Please copy the lines below, exactly as they are, from the one with "Замена микрофона iMac" through the one with "Snowboard jacket sale sydney", and leave out the pictures.

**PROVIDED ENTRIES:**
■ ■ ■ ■ ■
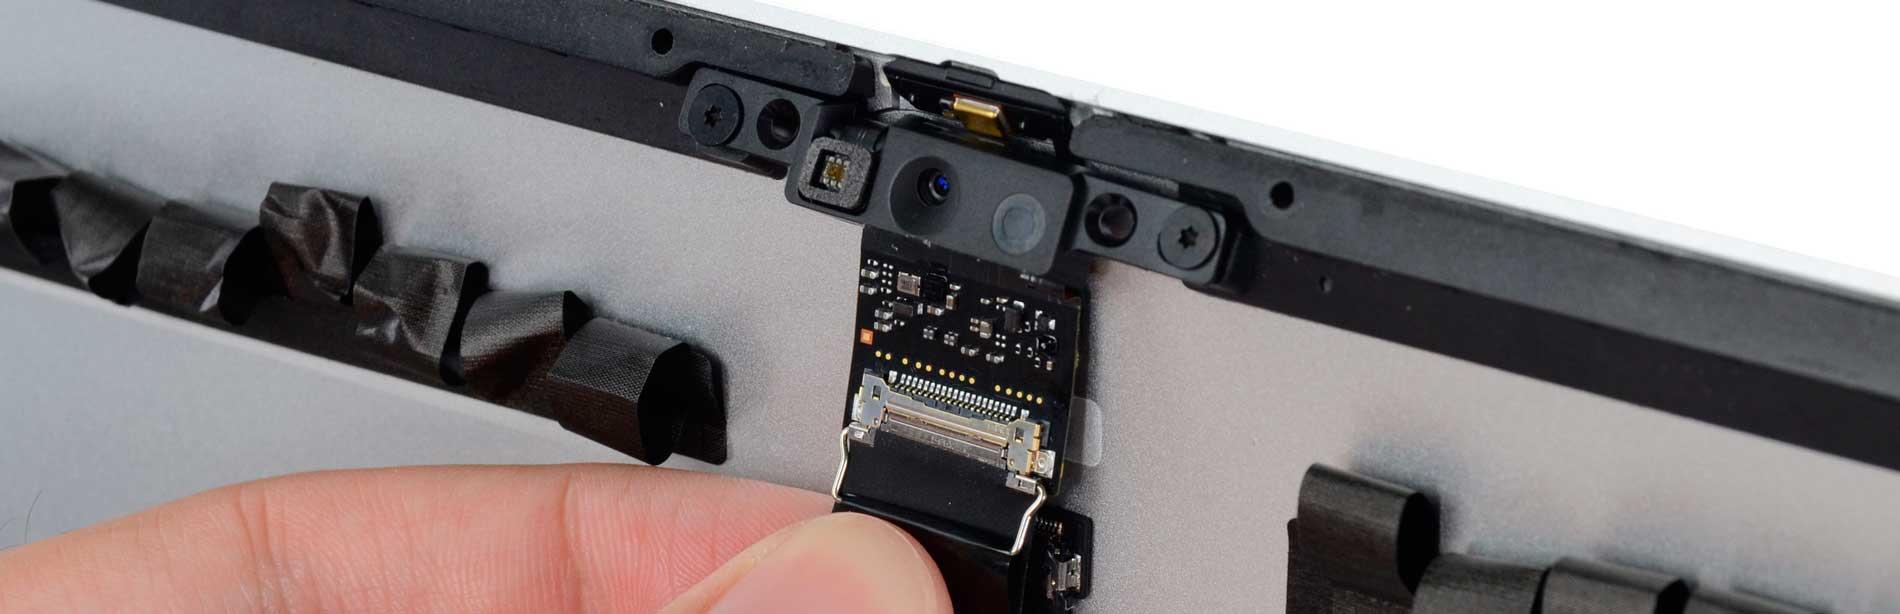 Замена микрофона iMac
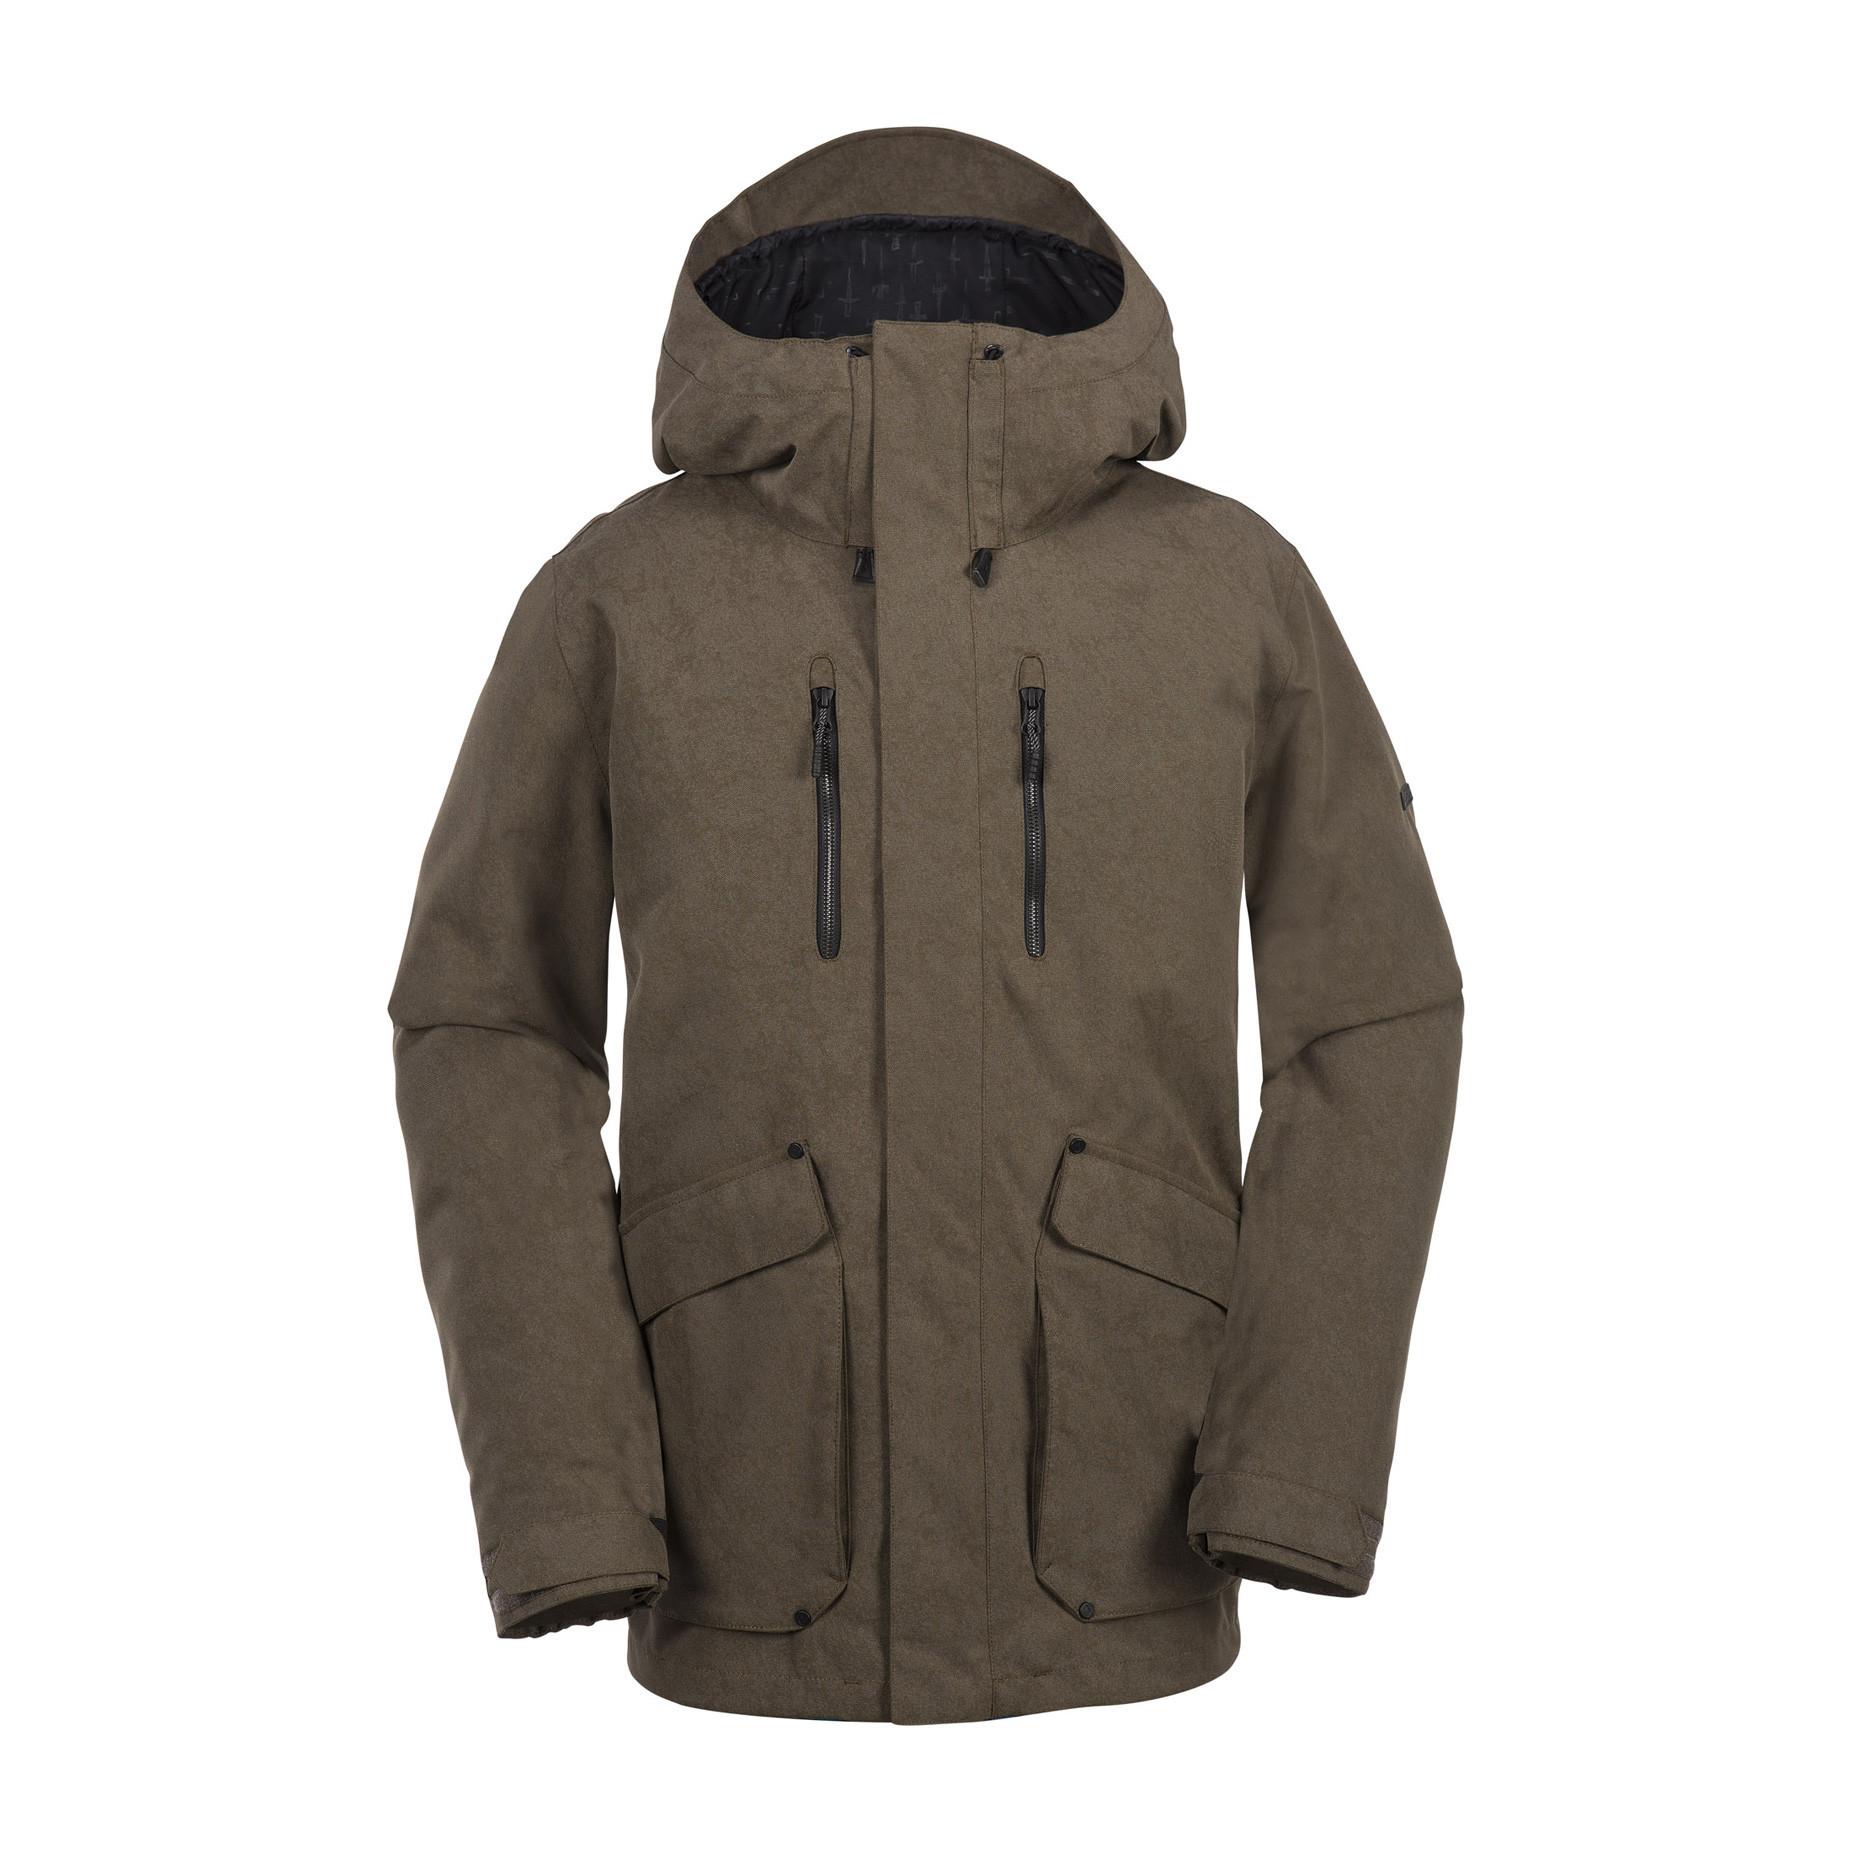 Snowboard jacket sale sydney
■ ■ ■ ■ ■
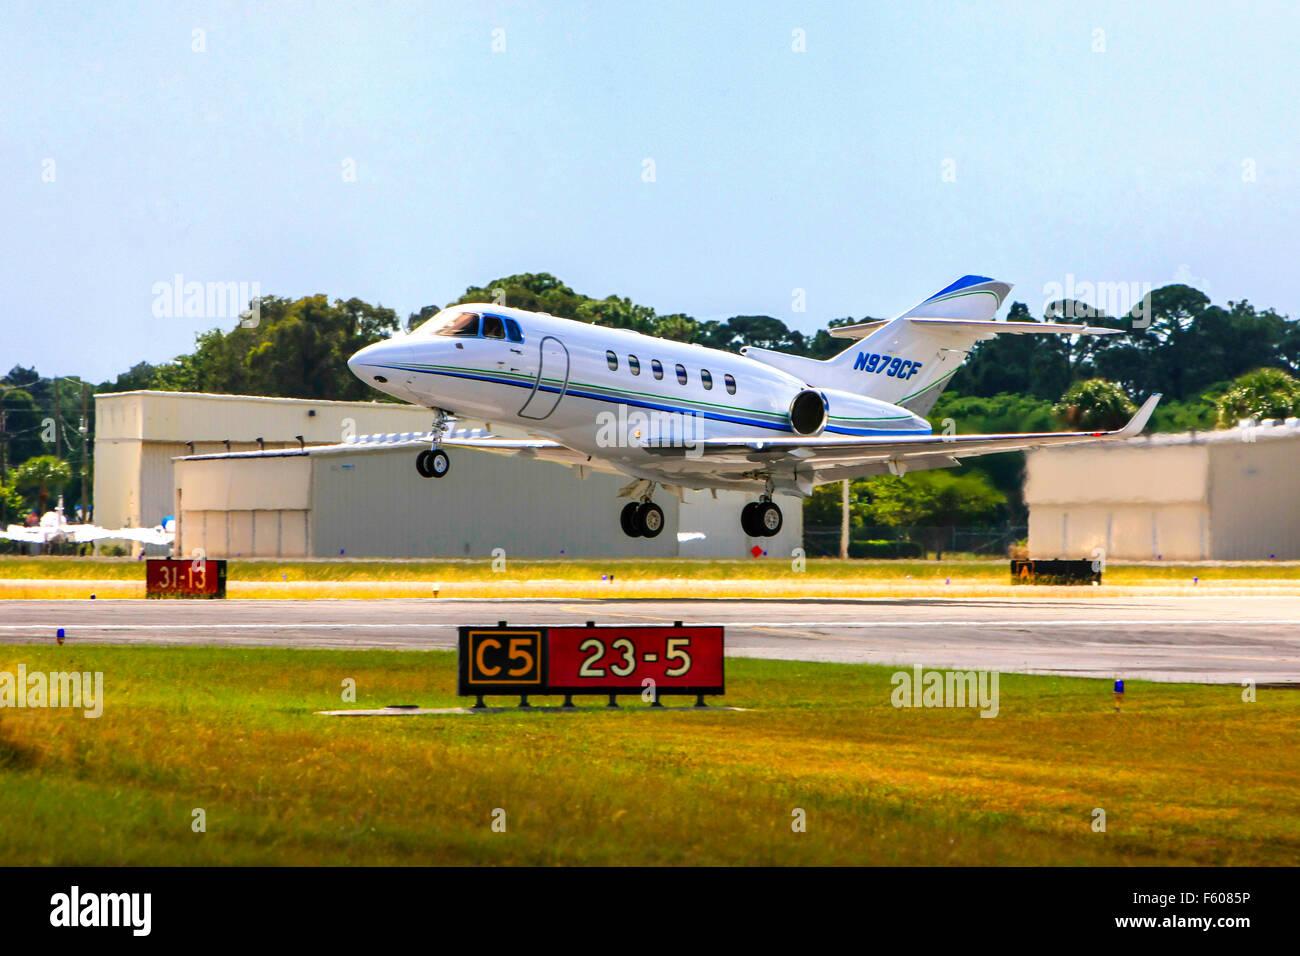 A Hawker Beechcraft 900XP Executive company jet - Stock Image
■ ■ ■ ■ ■
**SOLUTION:**
 Замена микрофона iMac
 Snowboard jacket sale sydney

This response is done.